The price of carbon and the ethic of Cain

billmorris.pngWilliam Morris has been described by E.P. Thompson as one of the greatest of Englishmen, and as a revolutionary without a revolution [Persons & Polemics, E.P.Thompson, Merlin Press, 1994]. At the end of the nineteenth century this perspicacious man, who saw that economic relationships reflect and fashion moral relationships, rallied tirelessly against the ethic of Cain – the acquisitive society and deepening wealth inequality – in contrast to a society based on the ethic of community and a society of equals, and believing that that there could be no compromise between the two ethics set out to work for the revolution.

The appalling waste of life & suffering in the past 100 years would undoubtedly cause Morris pause for thought and probably less zeal for revolution. But his moral critique – following a long tradition of English dissenters – finds an albeit faint echo in Joseph Schumpeter’s concept of “creative destruction” which describes the uneven evolution of capitalism and corporatism, and their relationship to democracy, and which arguably has renewed relevance after twenty years of globalisation.

The question of how liberal democracies, entrepreneurs and dominant classes will respond to climate warming is now focused on the opening debate over carbon taxes, and is taking place against a background of stumbling growth and the unbridled greed of the financial markets added and abetted – in the UK – by the present and preceding New Labour administrations.

But the same Labour governments have also set two precedents: commissioning the Stern Report, and introducing the climate change bill. The first established that adopting measures to reduction carbon and other greenhouse gas emissions would cost less than failing to prevent climate change, and that such measures are affordable; the second includes a politically far-reaching timetable for mandatory cuts in targeted greenhouse gas emissions, based upon binding domestic carbon reduction targets, effectively establishing a pathway to make the UK a low-carbon based economy.

The Stern Report has been controversial, initially for the choice of discount rate, and more recently because of the assumptions and numbers used to estimate the consumption reduction equivalence (including putting a monetary value on human life), which have been used to estimate the social cost of carbon in the cost-benefit analysis for the proposed third runway at Heathrow. George Monbiot has taken umbrage that the “shadow price of carbon”, which is currently valued, human lives and all, at £25 a tonne. Human life is not a commodity, but it does have an economic value in many markets. The Economist response errs in overstating the capacity of future growth and material progress to reduce poverty in a world known to be bound by climate change constraints and the immediate necessity to reduce consumption.

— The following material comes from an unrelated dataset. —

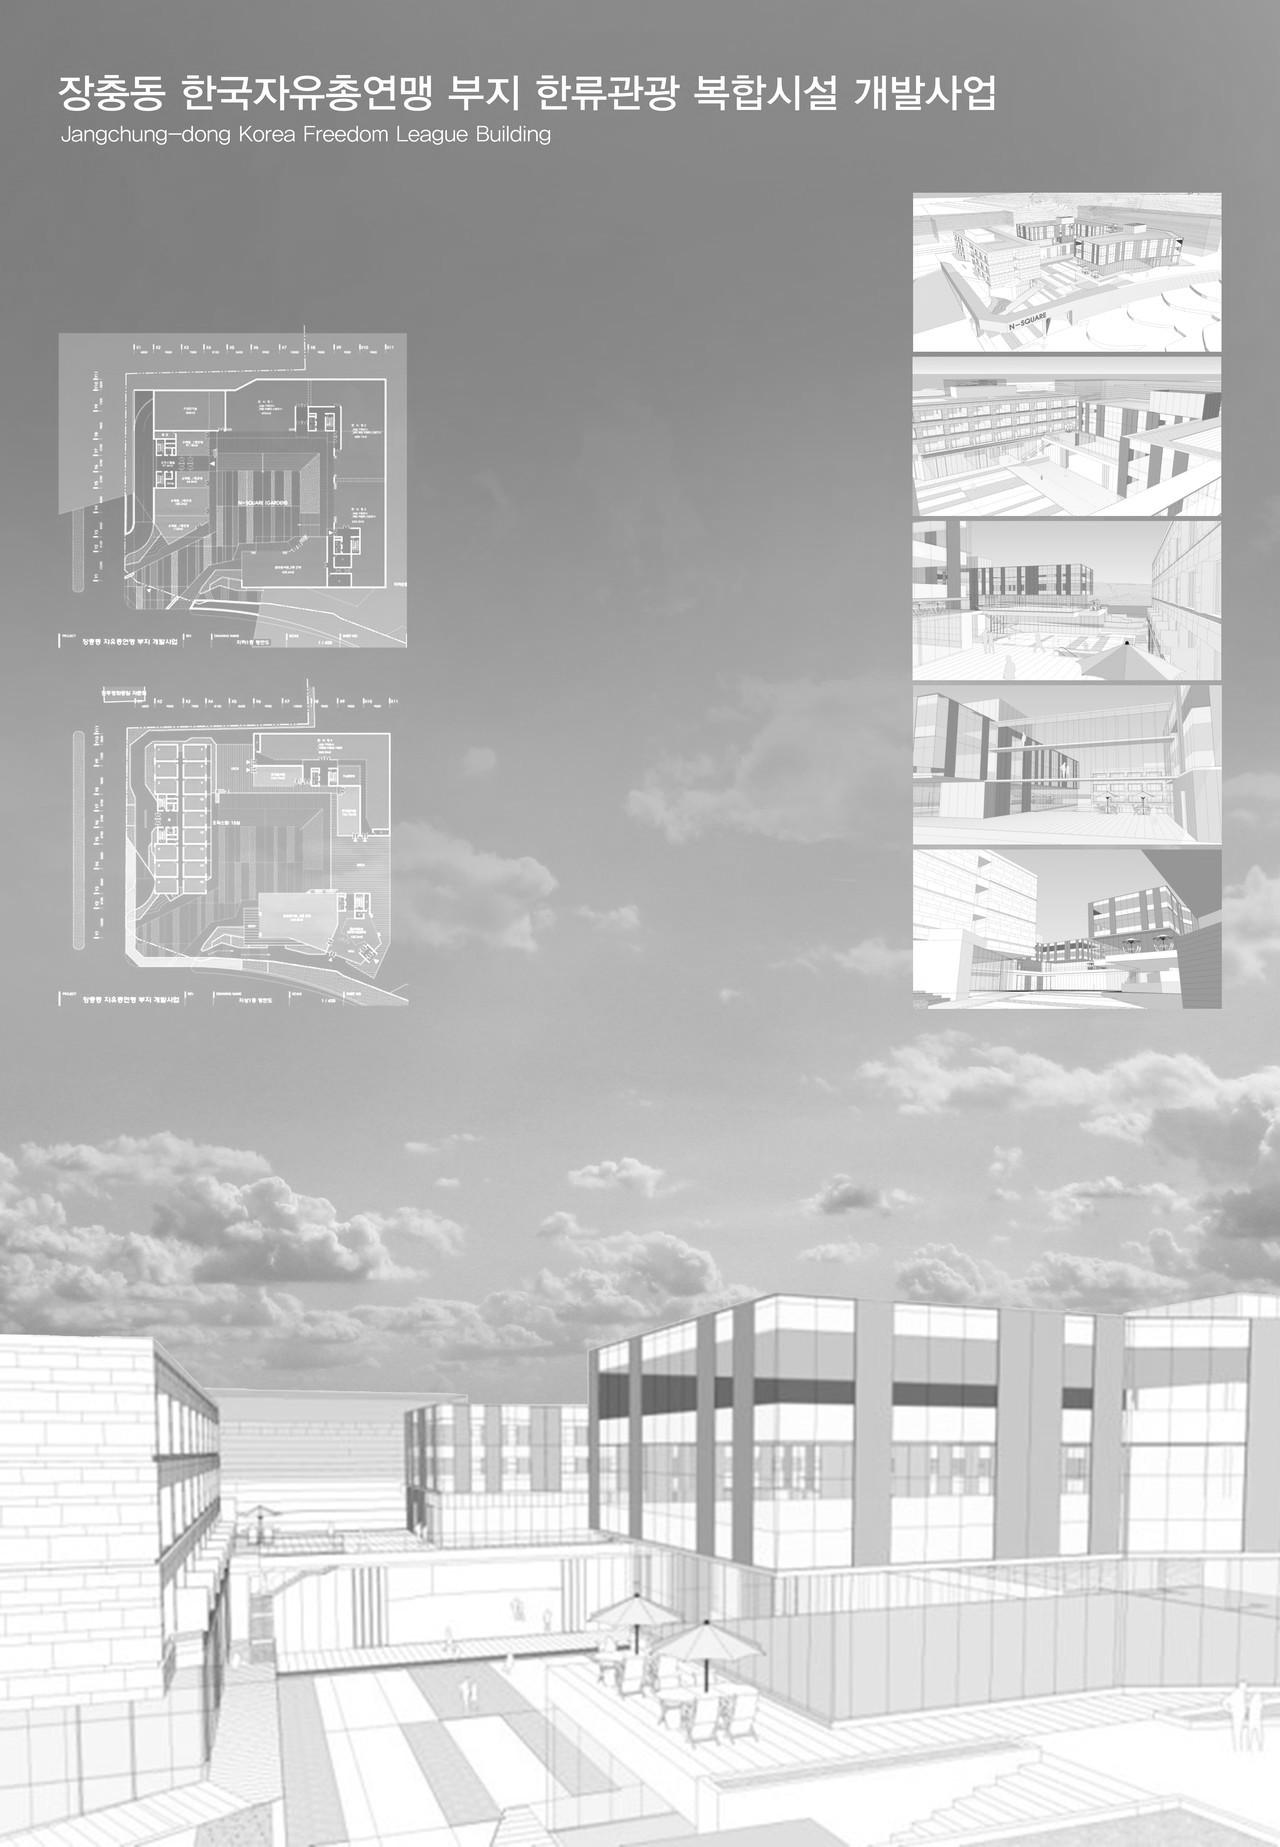 장충동 한국자유총연맹 부지 개발사업 컨설팅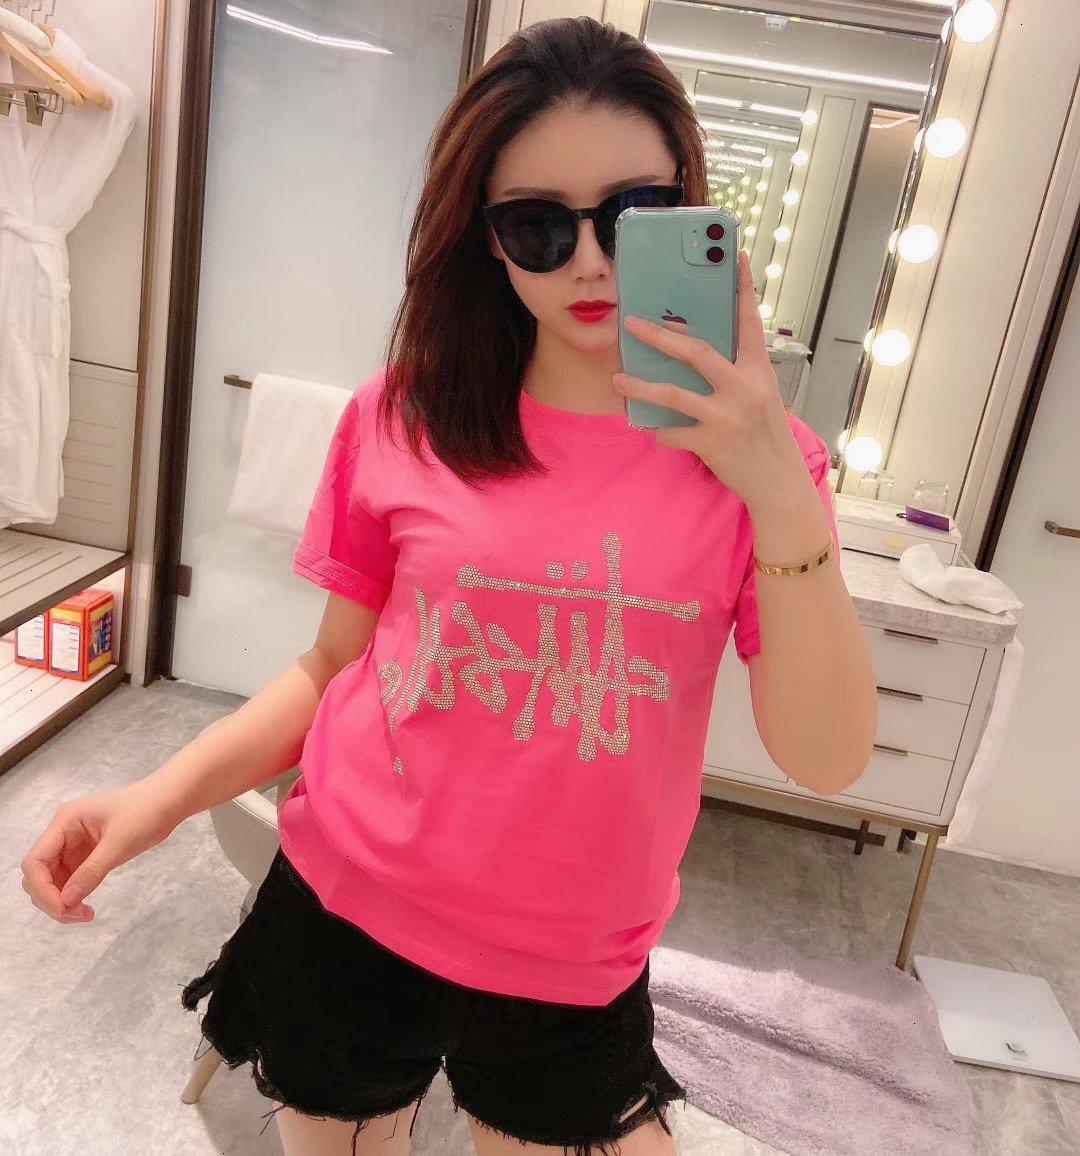 Frauen T-Shirt beiläufige Art und Weise T-Shirt Größe M L bequeme warm WSJ000 # 112568 wzk522

Heathrow is now a lightening rod for climate change campaigners and regardless of government estimates that a new runway has a net economic benefit, it is unlikely to be built: innovative protesters plus MPs in London and Home County constituencies will ensure that profits take second place to environmental and political costs. Large infrastructure and technology projects have track record of cost underestimation and cost overruns. Hypothetical gains from growth in air traffic are not shared equally and nor are the costs: the extent to which scenarios have been developed that take into account the effect of a fuel levy on airlines, carbon taxes on airline tickets, and the cost of disturbance to Londoners remains unclear. The debate is really about re-appraising the UK’s aviation forecasts and policy in light of the need to cut emissions by 30% by 2020.

In the UK emissions are about 10 tonnes of CO2 equivalent per capita. With a population of about 60 million the current annual level of domestic emissions is 600 million tonnes. An initial low carbon tax of, say, £10 per tonne (US$15 per tonne) would generate £6,000m per year in tax revenues. Total UK tax revenues were £520,000m (about £8,500 per head) in 2006-07, of which income tax and national insurance payments represented 45%. The carbon tax can be introduced as a revenue-neutral measure, for example matched by reductions in incomes taxes – although strong arguments can be made for some carbon tax receipts to be ring-fenced to finance public support for carbon technologies, grants and subsidies to encourage the switch to lower carbon technologies for power, heat and transport, as well as part of UK contributions to international safety nets and adaptation funds for those poorer countries most likely to be directly affected first by climate change – for example to counter declining crop yields in Africa.

Faced with the social costs of their spending, consumers can be expected to reduce their demand for carbon emission goods and services, and companies will invest in more efficient technologies (Shell have called for a carbon price close to $100 – about £50 – per tonne of CO2 to justify investment in carbon-capture-and-storage schemes). Carbon pricing and supporting regulations need to be introduced quickly: the Stern report emphasised that price of delay will be higher mitigation costs.

billmorris1.pngShort of rationing only carbon pricing will induce the shifts needed for the UK to meet its commitment to reduce emissions by 60% before 2050 to about 4 tonnes per capita. Carbon pricing policies will raise many distributional issues, and open the debate on the nature of our society. William Morris would be working now to prepare the ground for a more cooperative social contract, and raging against the moral immiseration of the ruling classes, who “rather than lose anything which really is its essence, it will pull the roof of the world down upon its head.”